The first Energy Earthshot, the Hydrogen Shot launched in 2021, seeks to reduce the cost of clean hydrogen by 80% to $1 per kilogram in 1 decade. This is an ambitious initiative, since current costs of clean hydrogen are much higher. For example, electrolytic generation of hydrogen using renewable electricity costs at least $6 per kilogram.

Worldwide, about half of all hydrogen production is from reforming of natural gas (mainly steam methane reforming or SMR), with the remainder deriving from gasification of liquid and solid feedstocks such as coal, petcoke, and petroleum residuals, from oil as a byproduct, and with a few percent from electrolysis.
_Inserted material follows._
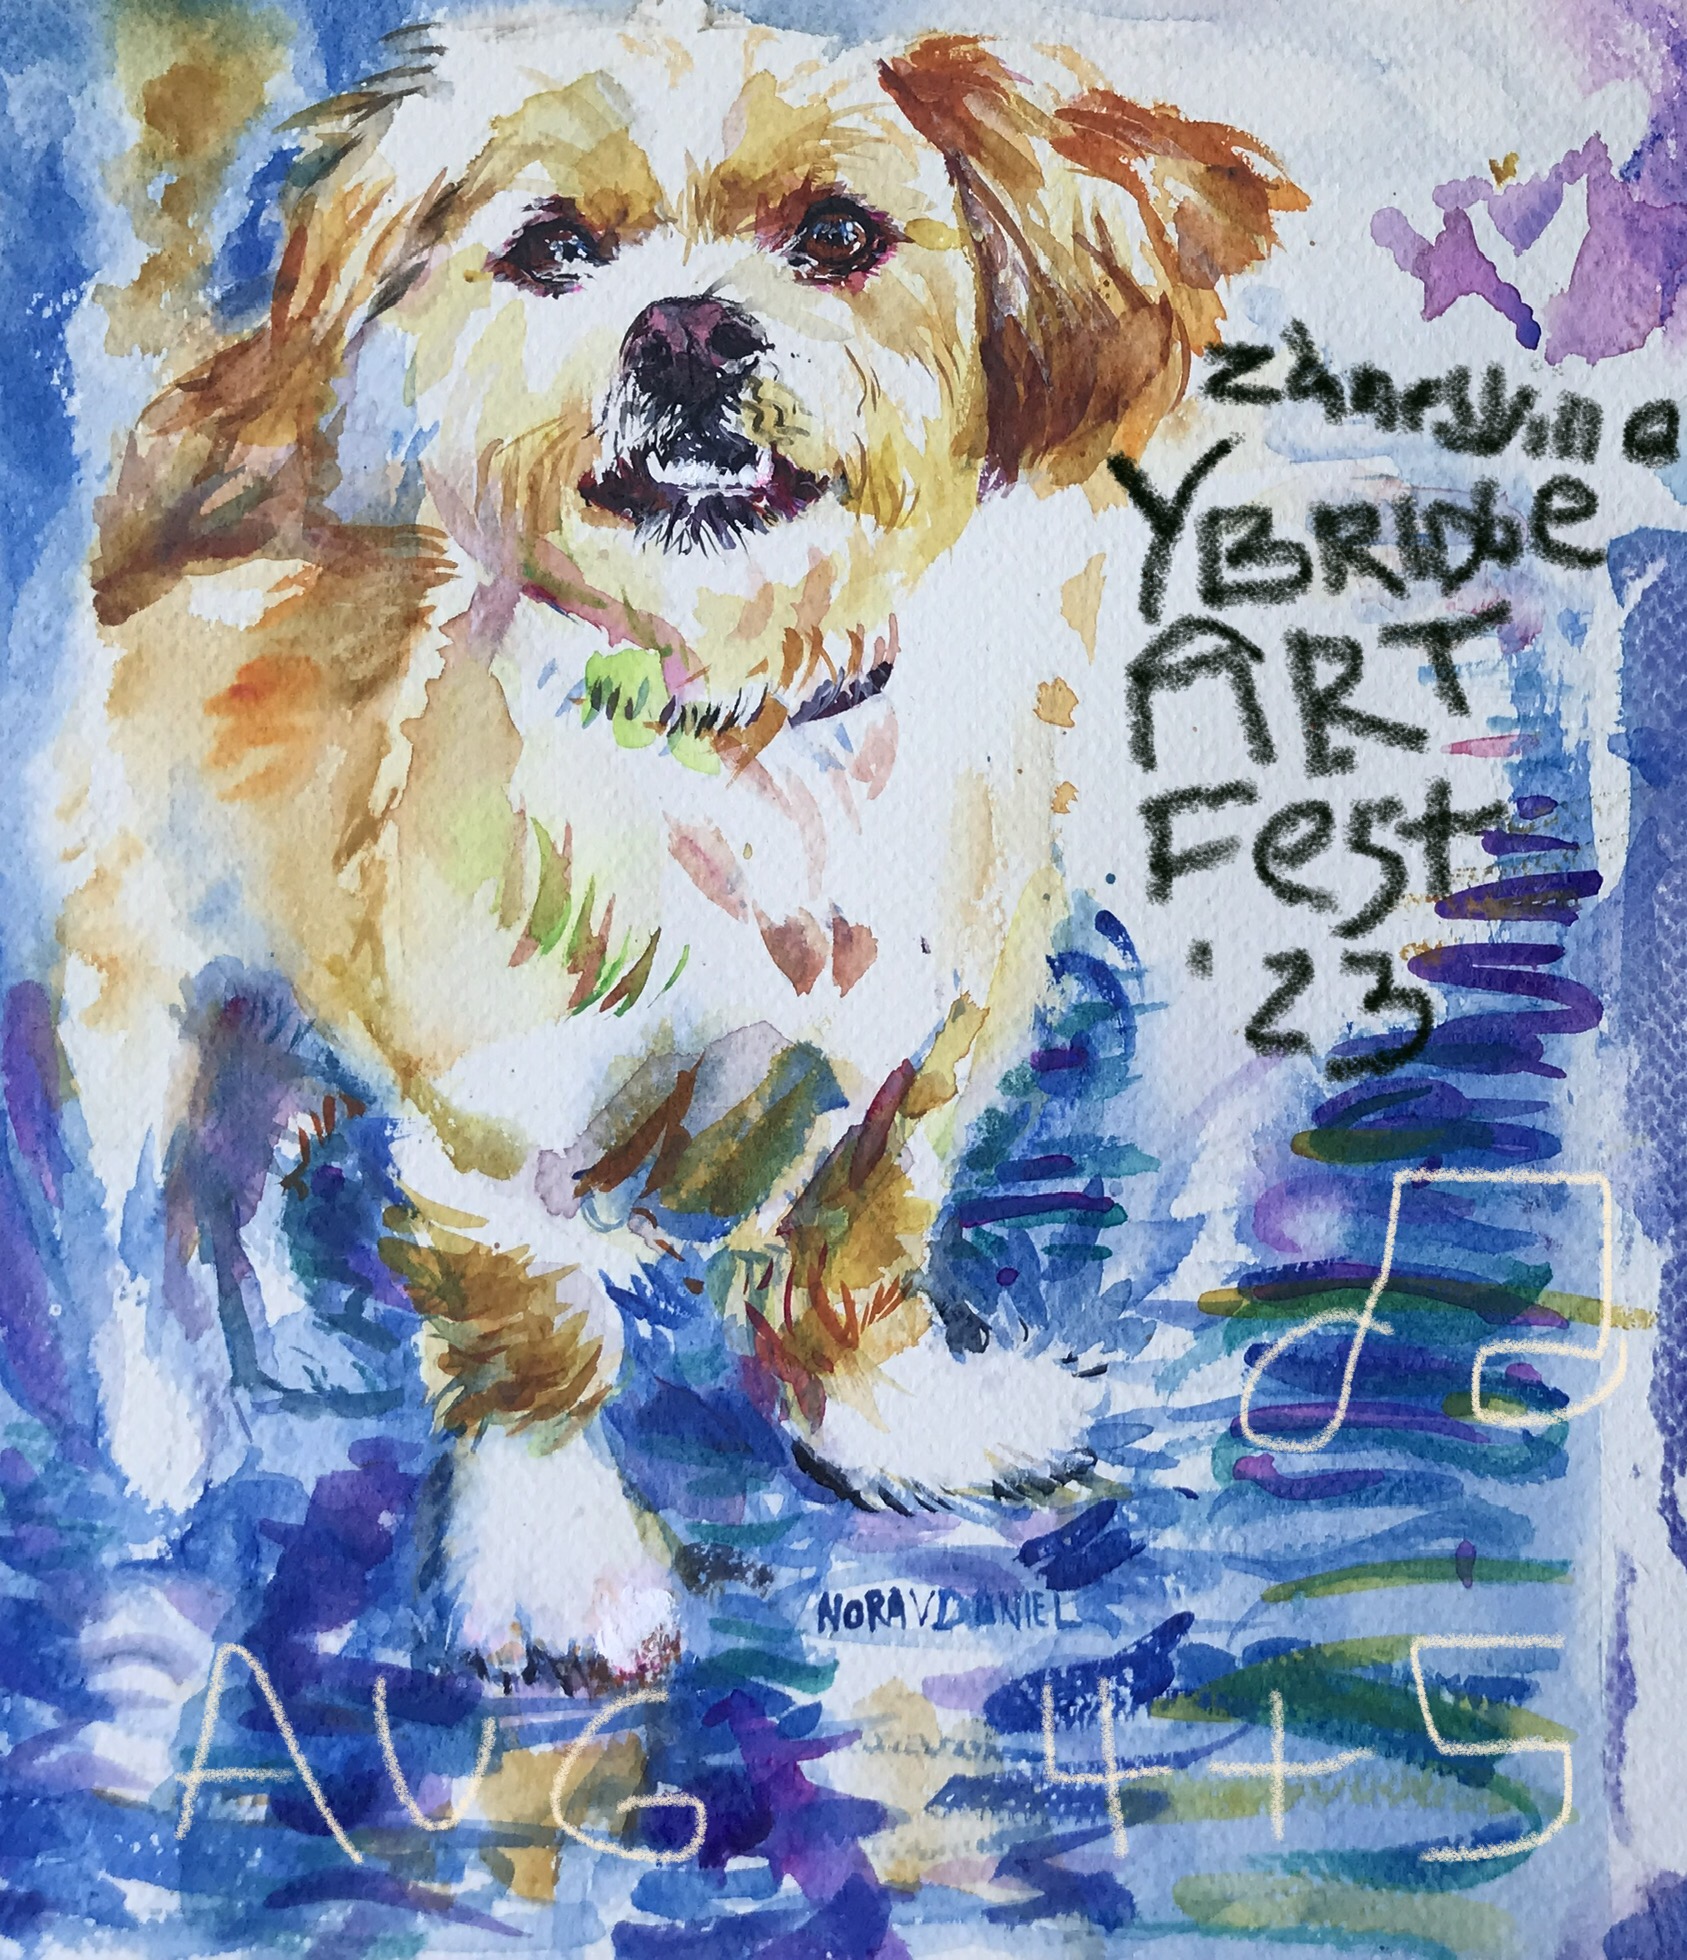 A poster for the Y-Bridge Arts festival, which shows a watercolor of a yellow, long haired, small dog.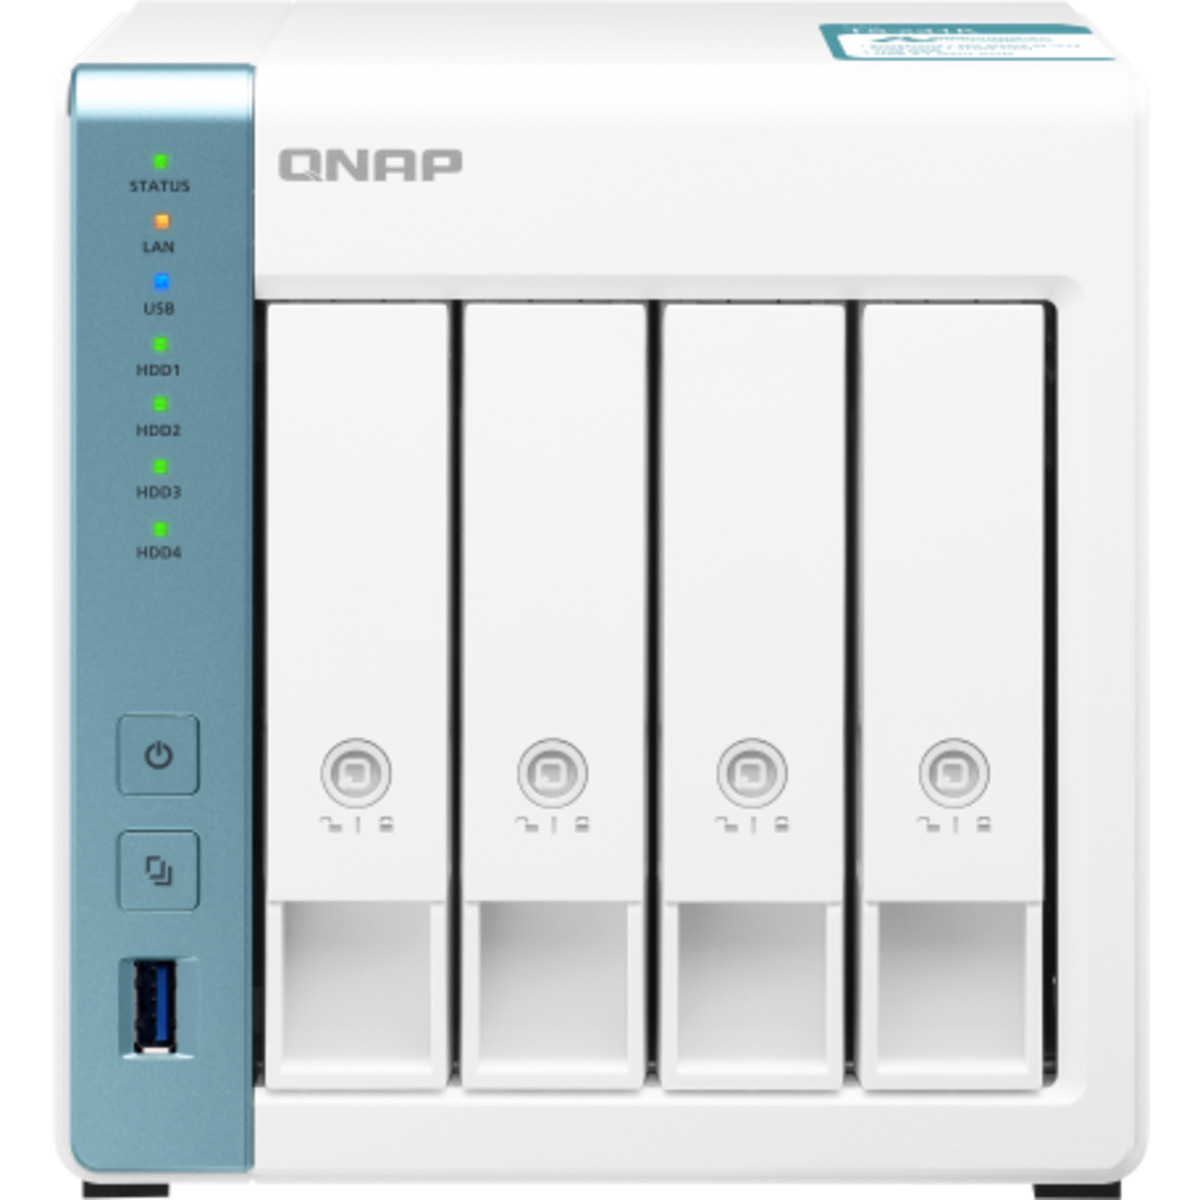 QNAP TS-431K 24tb 4-Bay Desktop Personal / Basic Home / Small Office NAS - Network Attached Storage Device 3x8tb Western Digital Ultrastar DC HC320 HUS728T8TALE6L4 3.5 7200rpm SATA 6Gb/s HDD ENTERPRISE Class Drives Installed - Burn-In Tested TS-431K

Syngas from gasification already contains a significant amount of hydrogen, which can be increased through water gas shift (WGS) and separated into a pure hydrogen product meeting industry product quality standards. There are several conventional hydrogen separation processes, with the well-proven and moderate cost pressure swing adsorption (PSA) methods commonly chosen. PSA has the ability to produce high purity (99.9%) hydrogen at near feed pressure; however, relatively high hydrogen concentration in feed gases is required for its economics to remain favorable.

For either natural gas reforming or gasification routes, hydrogen production costs are lower than the electrolytic route, but the challenge is that the carbon footprint of conventional hydrogen production is large, as shown in the following table:

 

Hydrogen product (kg/h)

CO2 product (kg/h)

CO2 emitted in stack gas (kg/h)

Carbon intensity kg CO2/kg H2

SMR w/ 90% capture

25,700

227,600

25,300

1.0

Coal gasification w/ 90% capture

25,700

456,700

49,300

1.9

Carbon Intensities of SMR and Coal Gasification-based Hydrogen Production (with 90% capture)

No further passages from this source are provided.